Reproduced on the Hopeful Imagination blog with kind permission from the BBC. You can listen again here, 30 minutes into the show.
Good morning, and happy Christmas.
It’s a strange day, Christmas day, isn’t it? I mean, at one level it’s a day like any other, falling rather predictably between the 24th and 26th days of the 12th month. But at another level it’s a day like no other.
We’ve been building up to it for weeks, months even, and the sense of anticipation has been mounting inexorably. From garish grottos in garden centres, to cheesy canned Christmas music round every corner, there has been no escaping the increasingly imminent arrival of Christmas day itself.
And now it’s here, it’s arrived. So happy Christmas.
And what, I wonder, will today hold? Giving? Receiving?; Eating? Drinking?; Family? Loneliness?; Happiness? Sadness? For each of us, today will bring a unique mixture of emotions and activities. But then, as quickly as it began, it’ll all be over. The day passes, and we wonder where on earth it went.
And also, we might wonder, what on earth it meant? Dinah Washington famously sang ‘What a difference a day makes’, and we might well ask this as a question of Christmas day. Just what difference does this one day make?
Within the Christian tradition, Christmas is a day of celebration, but it’s also a day of remembrance.
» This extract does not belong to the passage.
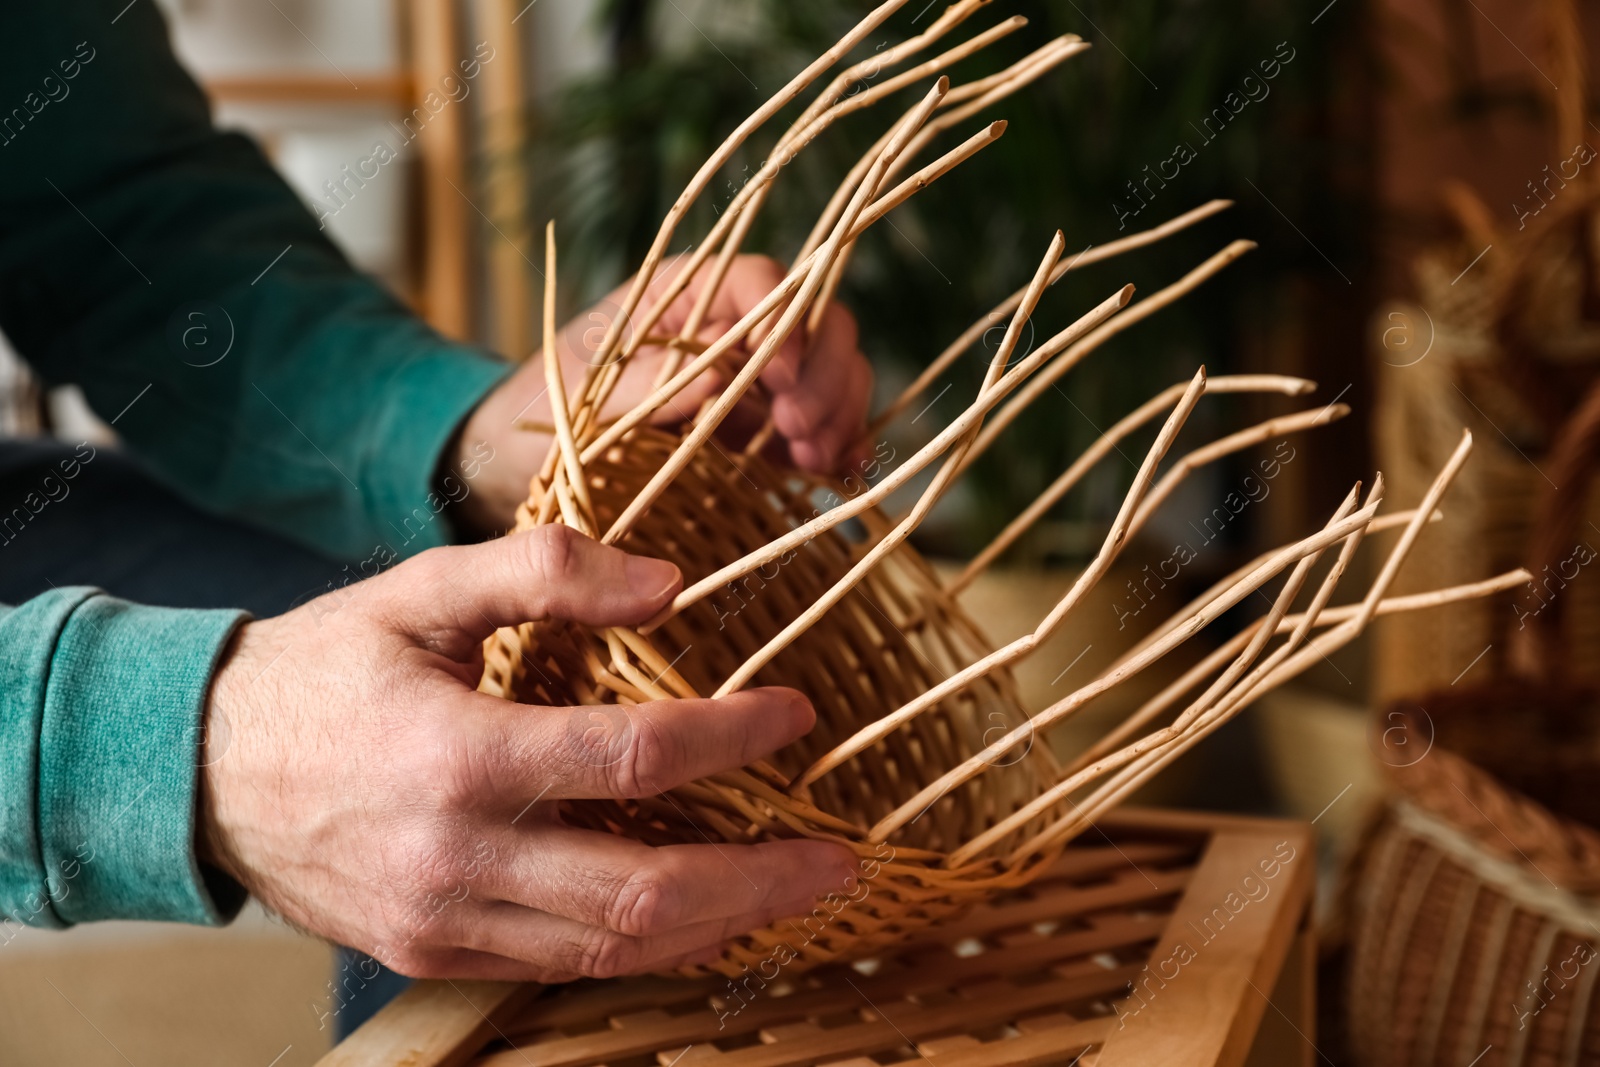 Photo of Man weaving wicker basket indoors, closeup view
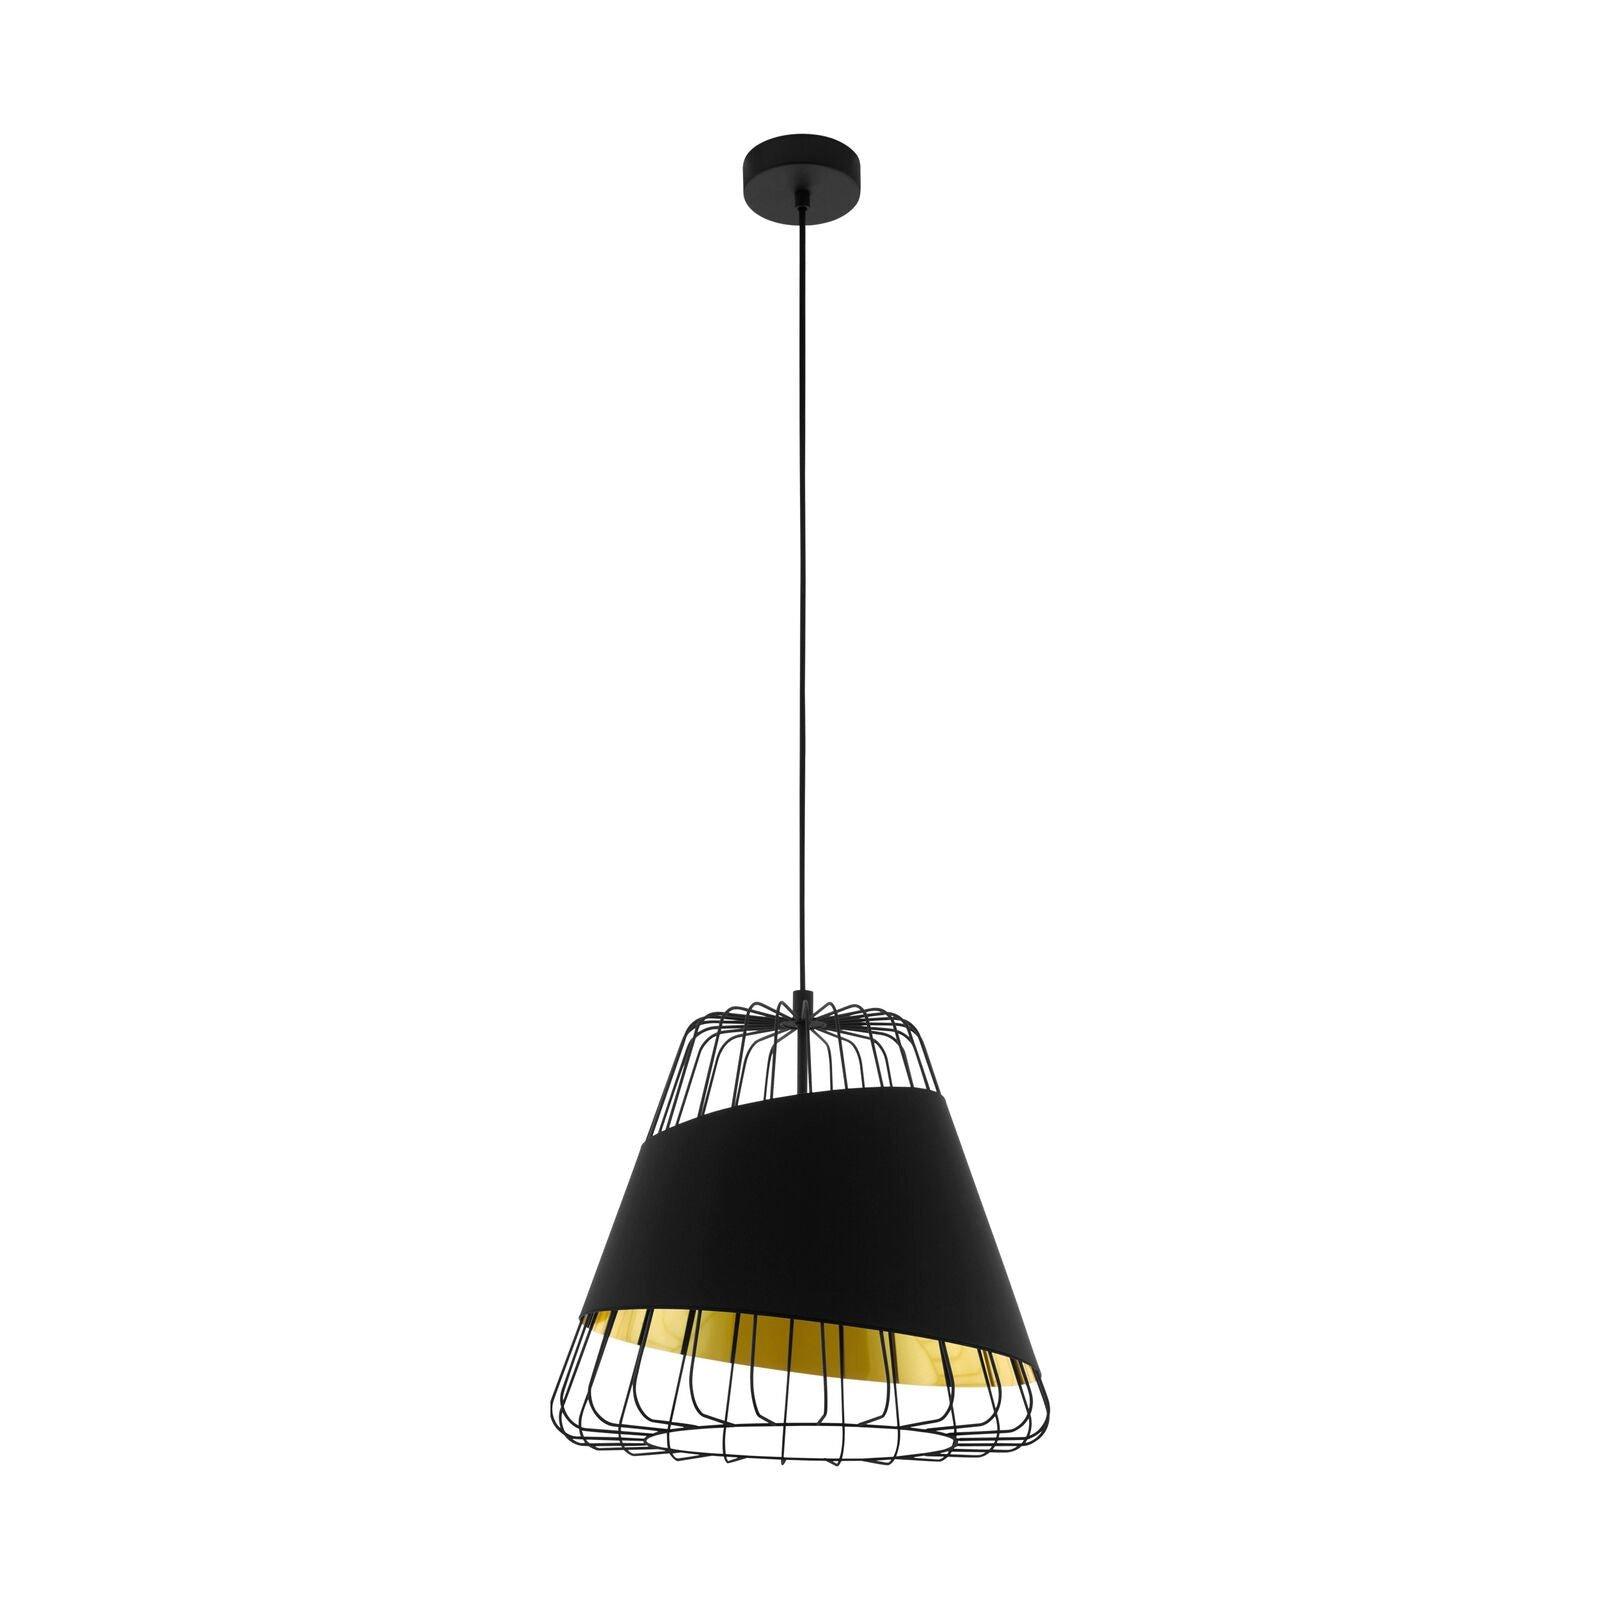 Hanging Ceiling Pendant Light Black & Gold 1 x 60W E27 Hallway Feature Lamp

It points back in time to another day, long past, when a young woman gave birth to a child. Just another day, just another birth. And yet Christians believe that that day, that that birth, in some way changed everything. The birth-day of Jesus, one moment in history, one day among many, is celebrated as the moment history changed, the moment God became human.
The Canadian singer Bruce Cockburn puts it beautifully in his song Cry of a tiny babe: Like a stone on the surface of a still river, Driving the ripples on forever, Redemption rips through the surface of time in the cry of a tiny babe.